Key takeaways
- It is critical to adopt a customer-centric mindset focused on designing products that cover the top health concerns of seniors, including cancer, stroke, heart disease, dementia, and long-term care, rather than repurposing products meant for younger demographics.
- Multi-pay critical illness products that provide coverage for multiple conditions have potential across Asia, as seniors will likely live long-term with one or more health issues.
- Seniors will respond well to pricing strategies that enhance affordability, such as shortening product terms, offering surrender values, and developing products that automatically accept seniors with any of the “4 highs” – high blood pressure, high cholesterol, high blood sugar, or high BMI.
As Asia's population continues its rapid greying, insurers are facing an unprecedented opportunity to tap into the severely underserved senior market segment across the region. Unlocking this potential will require a deep understanding of the on-the-ground realities and evolving needs of elderly consumers in different Asian markets.
This article, the second in a three-part series exploring the results of RGA’s exclusive research into the senior insurance market across eight markets, will detail key approaches to the successful development and launch of senior-focused insurance products. RGA surveyed over 1,600 consumers aged 55-80 across eight markets: China, Hong Kong, India, Japan, South Korea, Taiwan, and Vietnam.
Armed with these critical insights, insurers can craft innovative life and health protection solutions purposefully designed to increase product appeal, simplify access, and deliver affordable pricing tailored to this unique demographic.

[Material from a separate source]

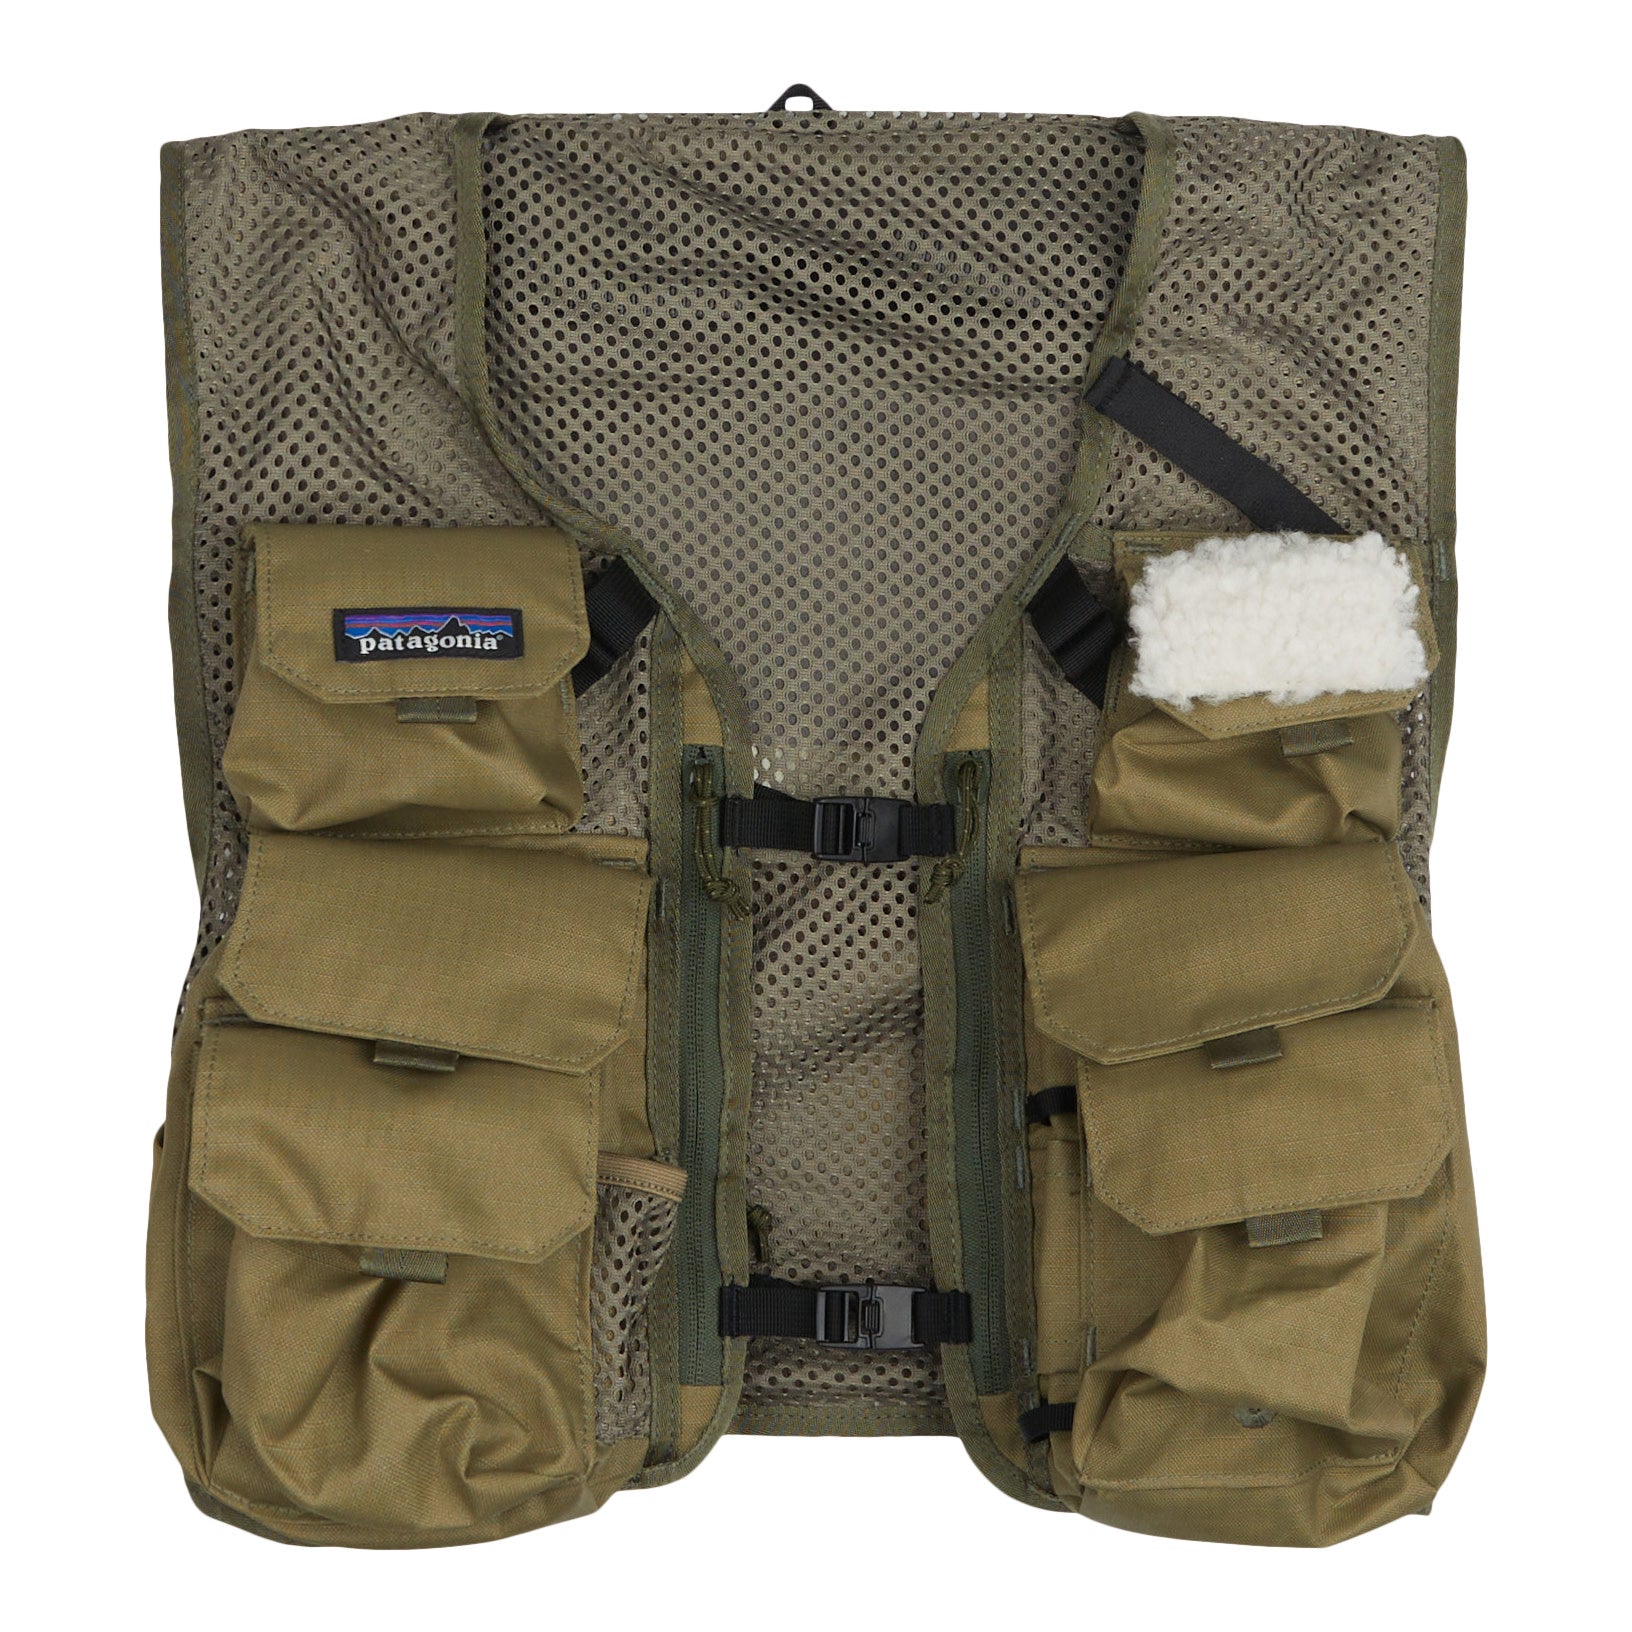 used Patagonia Worn Wear-Stealth Pack VEST-SAGE Khaki-Neutral/Beige-81962-L

‘80 is the new 60’: Changes in aging
The World Health Organization defines aging as “a gradual decrease in physical and mental capacity, a growing risk of disease, and ultimately death. These changes are neither linear nor consistent, and they are only loosely associated with a person’s age in years.”
While age 65 is a benchmark for senior citizenship across many countries, older people do not instantly become “senior” at that age. Instead, aging – and our concept of aging – is affected by a host of biological, social, and psychological factors.
Seniors and aging: Clinical considerations
♦ Aging is characterized by progressive and broadly predictable changes associated with increased susceptibility to many diseases.
♦ Aging is not a homogenous process. Rather, organs in the same person age at different rates, influenced by multiple factors, including genetic makeup, lifestyle choices, and environmental exposures.
♦ A Danish twin study1 found that genetics accounted for approximately 25 percent of the variation in longevity among twins and environmental factors accounted for approximately 50 percent.
♦ With greater longevity (to age 90 or 100), genetic influences became more important.
In addition, people in developed countries are living longer, and living longer with chronic diseases. This is especially evident in the Asian population, where longevity has increased due to a combination of genetics, lifestyle factors, and clinical advancements in the treatment of cancer, chronic disease, infectious disease, and accidents.